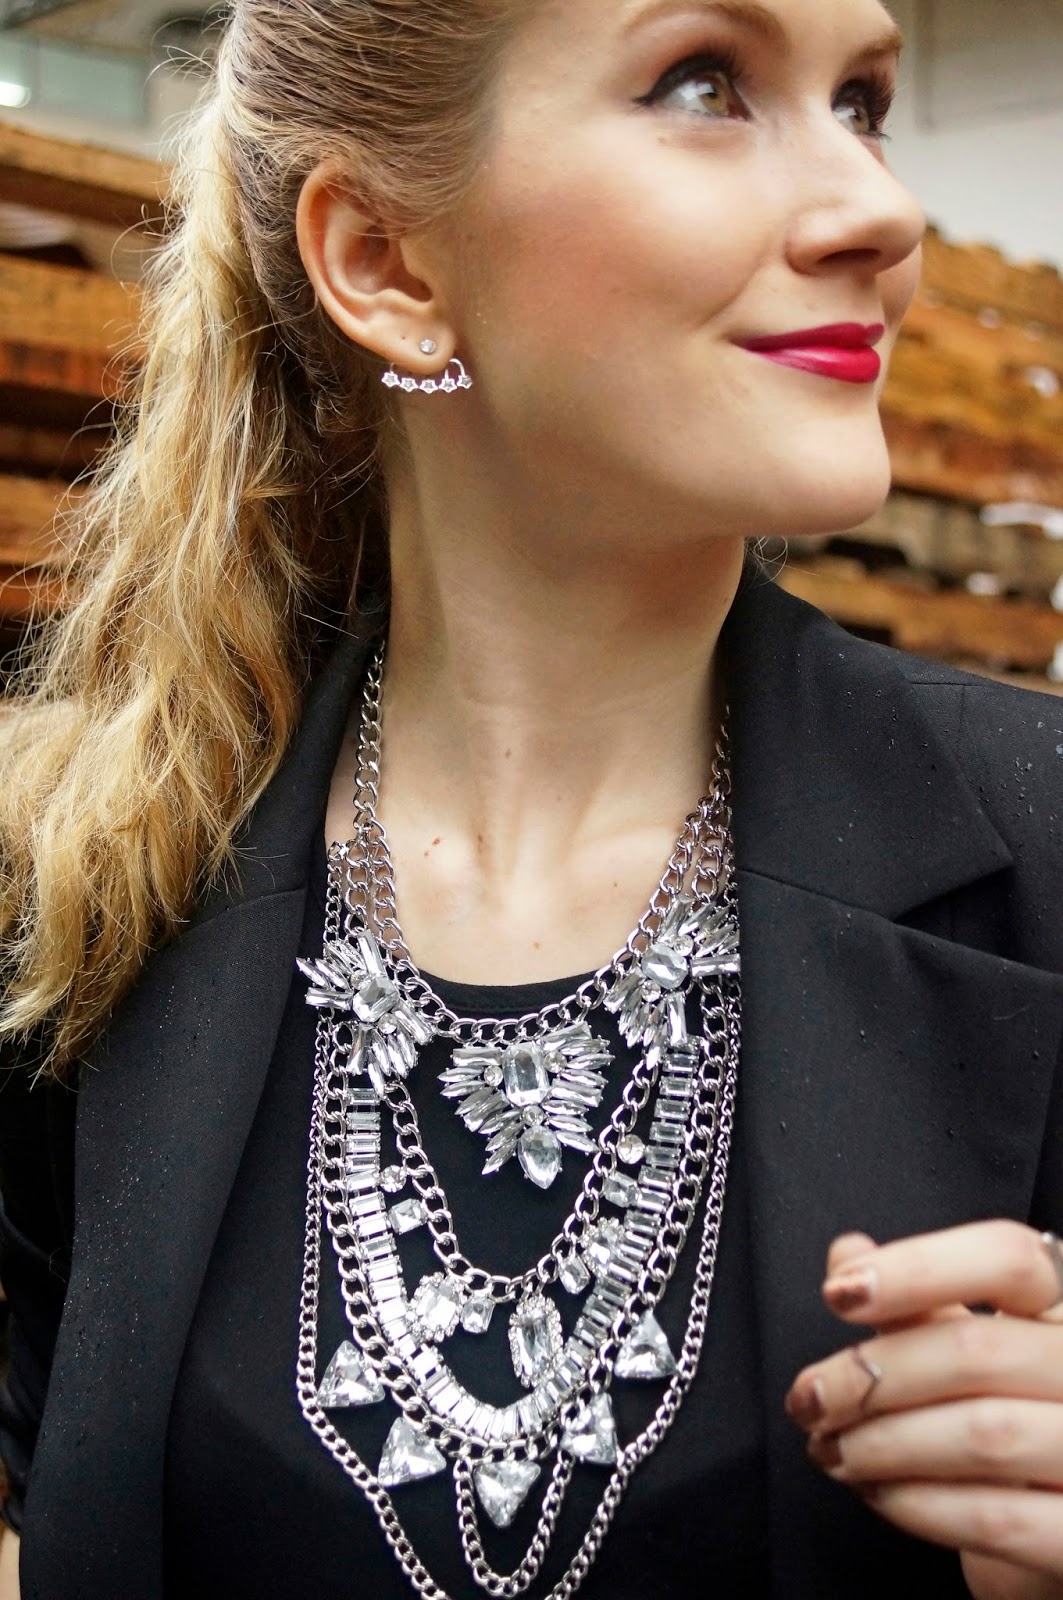 This statement necklace from Happiness Boutique is the perfect touch of glam!
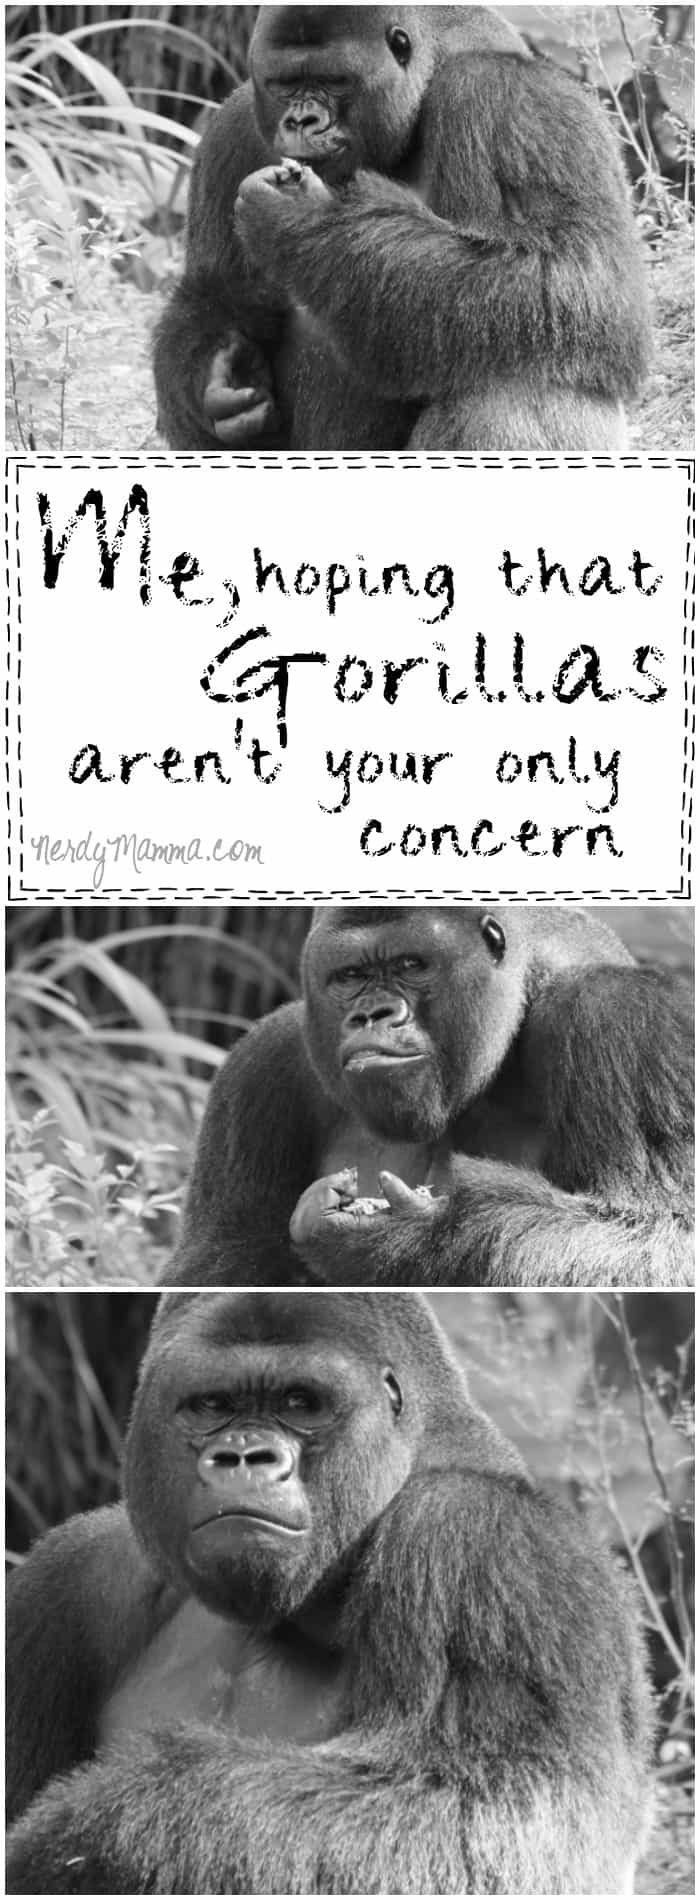 This mom's perspective on this gorilla situation...I kind of agree with her...
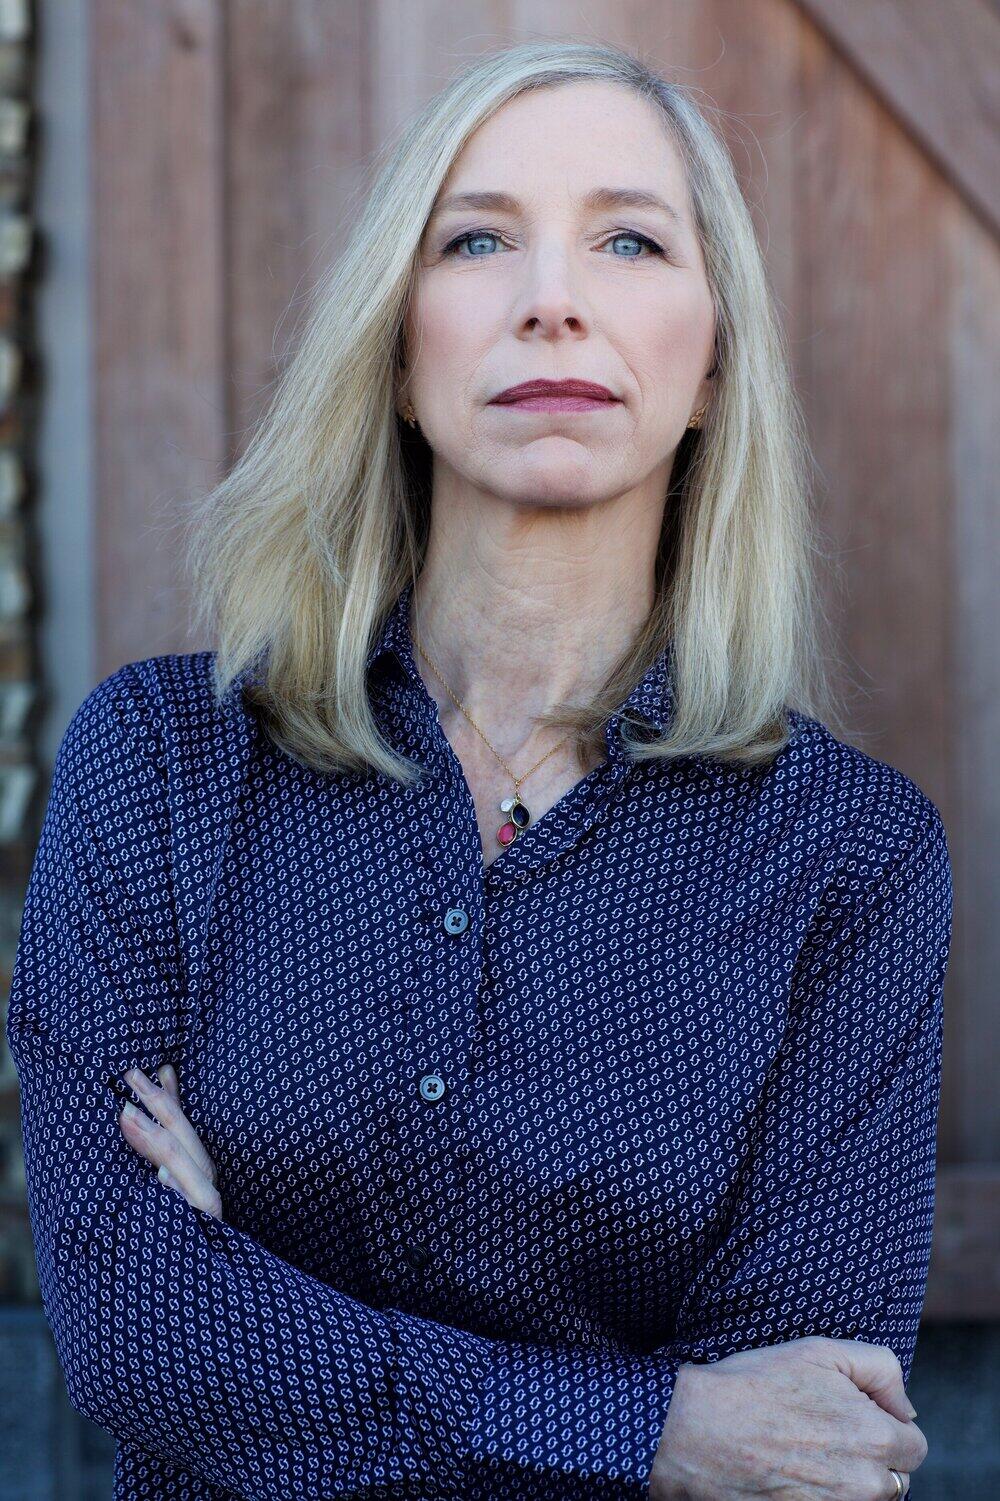 Katherine Schweit, a career Federal Bureau of Investigation Special Agent, expert on mass shootings and author of “Stop The Killing: How To End The Mass Shooting Crisis” will be the next lecturer in the Sonoma Speaker Series.
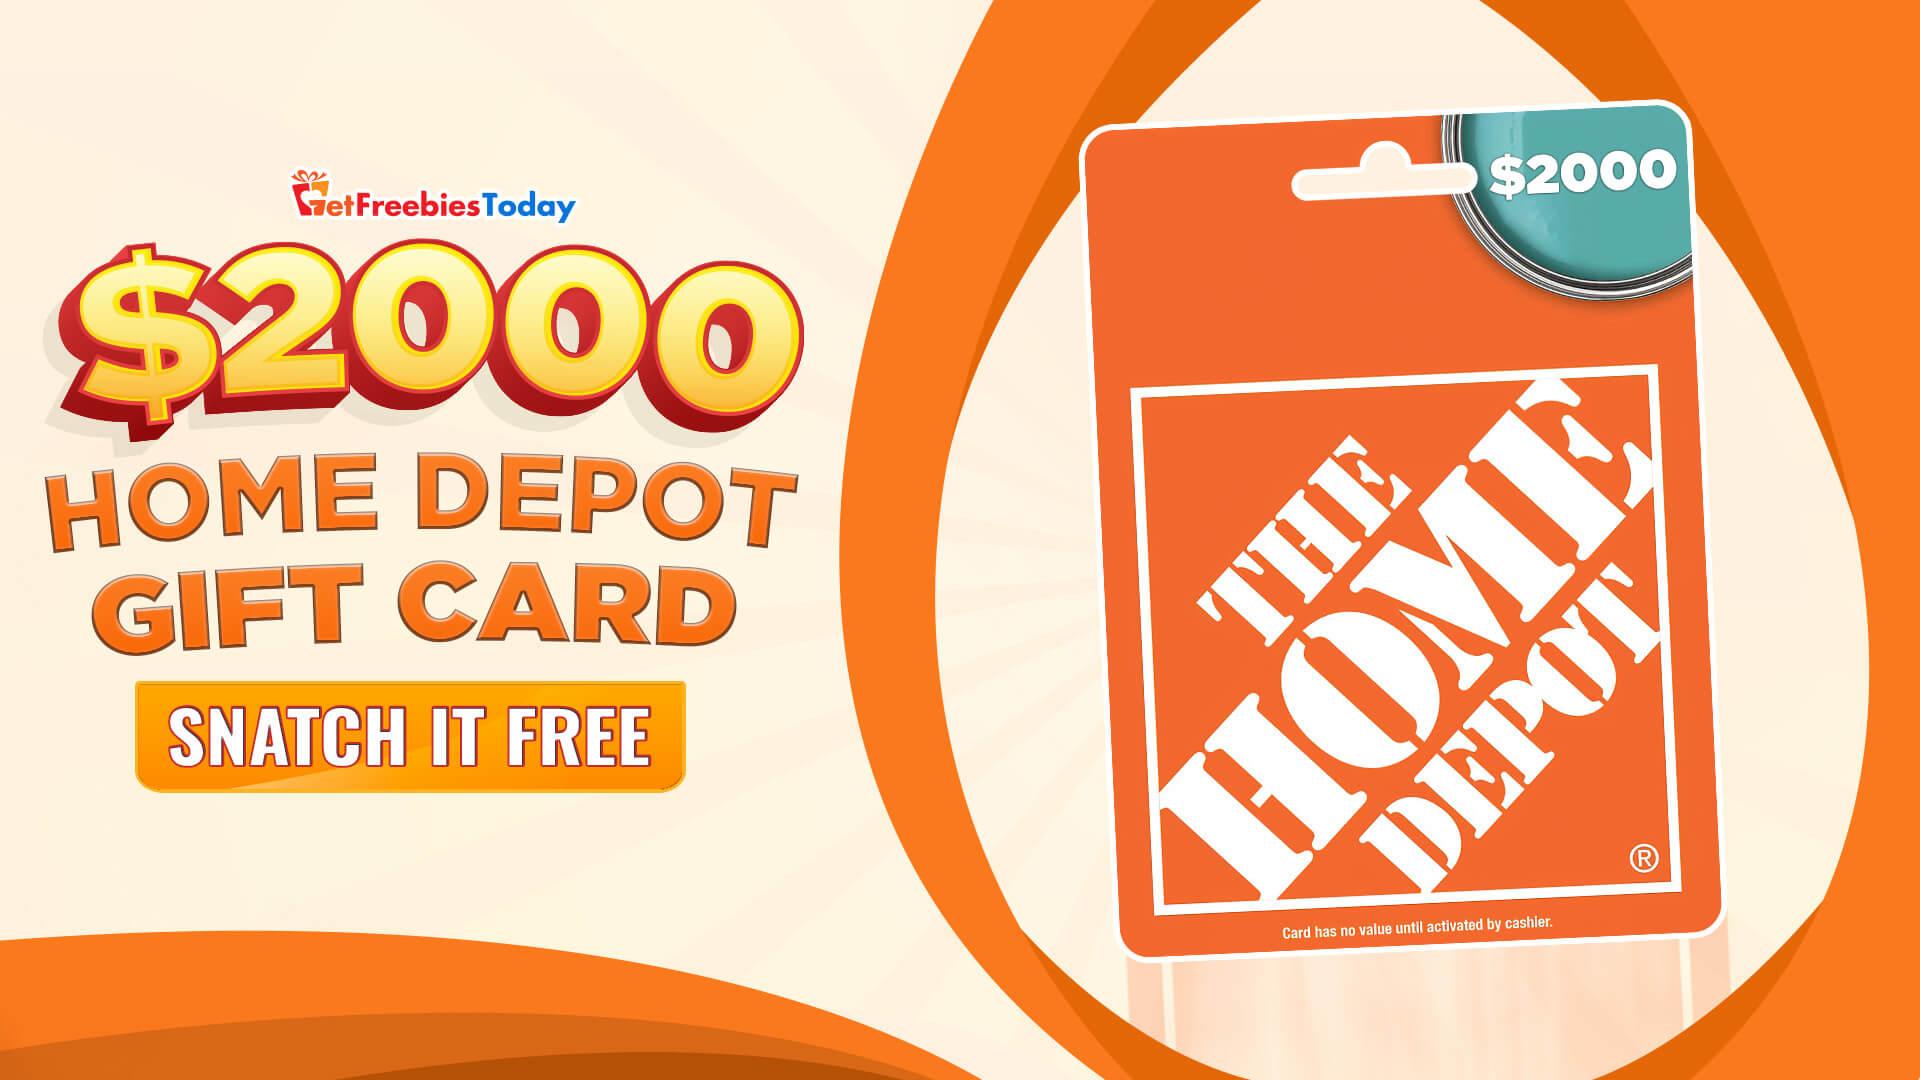 Snatch $2000 Home Depot Gift Card Rapidly
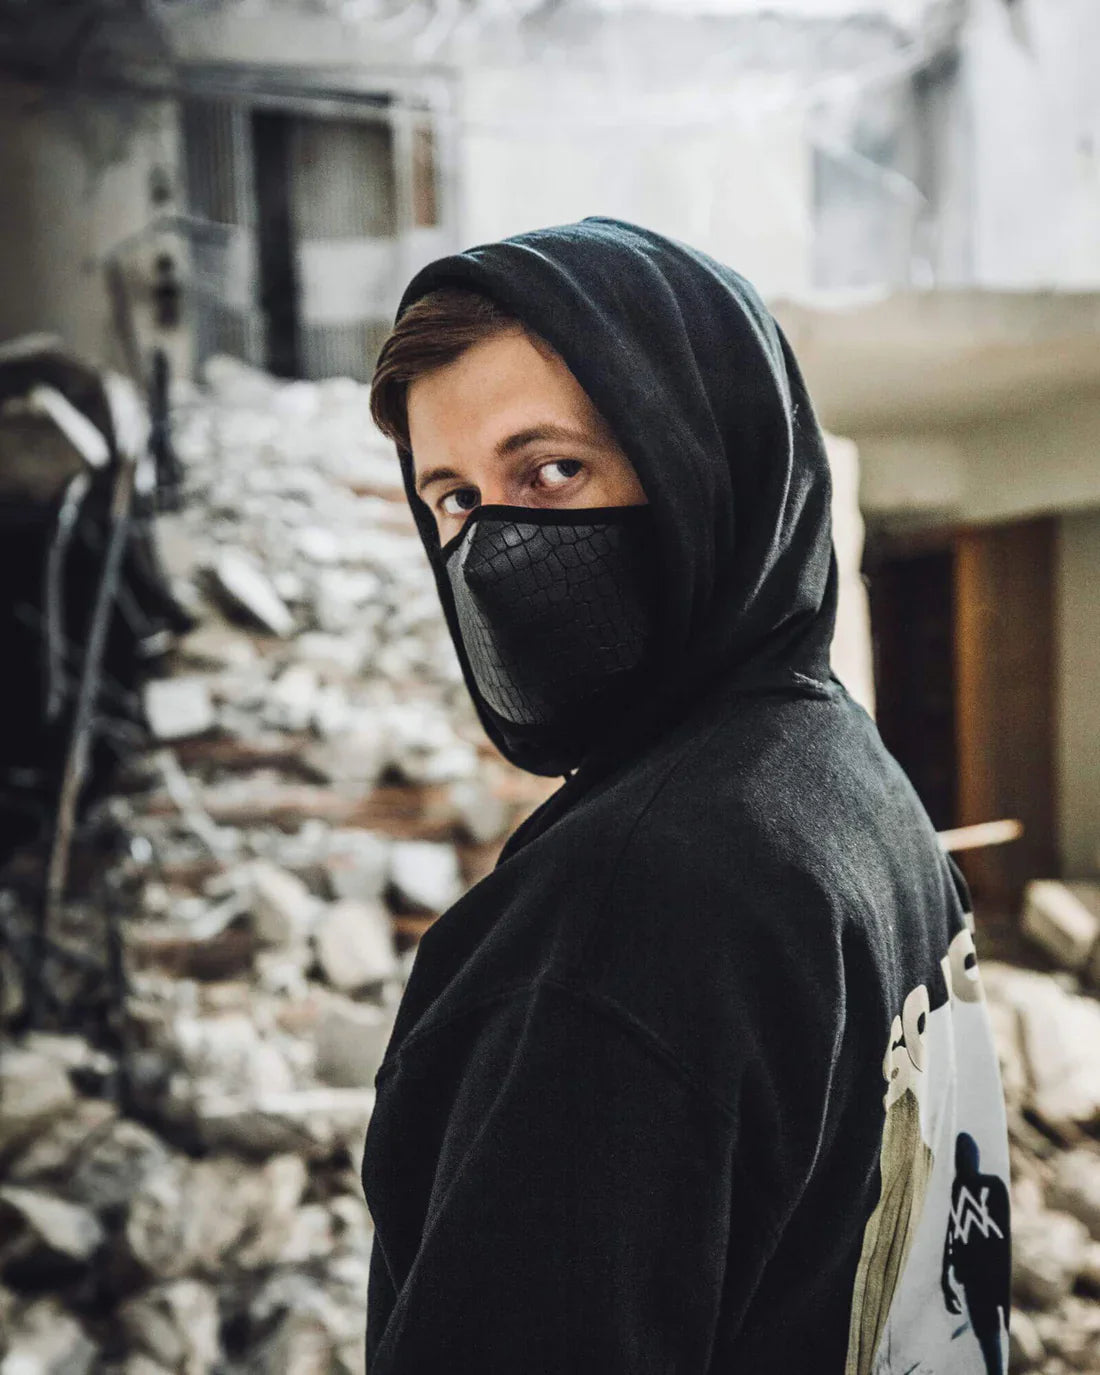 Individual wearing Alan Walker's Faded black hoodie with hood up and a black face mask, turning towards the camera with a backdrop of urban decay, highlighting the theme of the 'Faded' series.

WORK ITEM: Only the listing above, set down exactly and without pictures, belongs in the answer.

ANSWER SPACE:
 This statement necklace from Happiness Boutique is the perfect touch of glam!
 This mom's perspective on this gorilla situation...I kind of agree with her...
 Katherine Schweit, a career Federal Bureau of Investigation Special Agent, expert on mass shootings and author of “Stop The Killing: How To End The Mass Shooting Crisis” will be the next lecturer in the Sonoma Speaker Series.
 Snatch $2000 Home Depot Gift Card Rapidly
 Individual wearing Alan Walker's Faded black hoodie with hood up and a black face mask, turning towards the camera with a backdrop of urban decay, highlighting the theme of the 'Faded' series.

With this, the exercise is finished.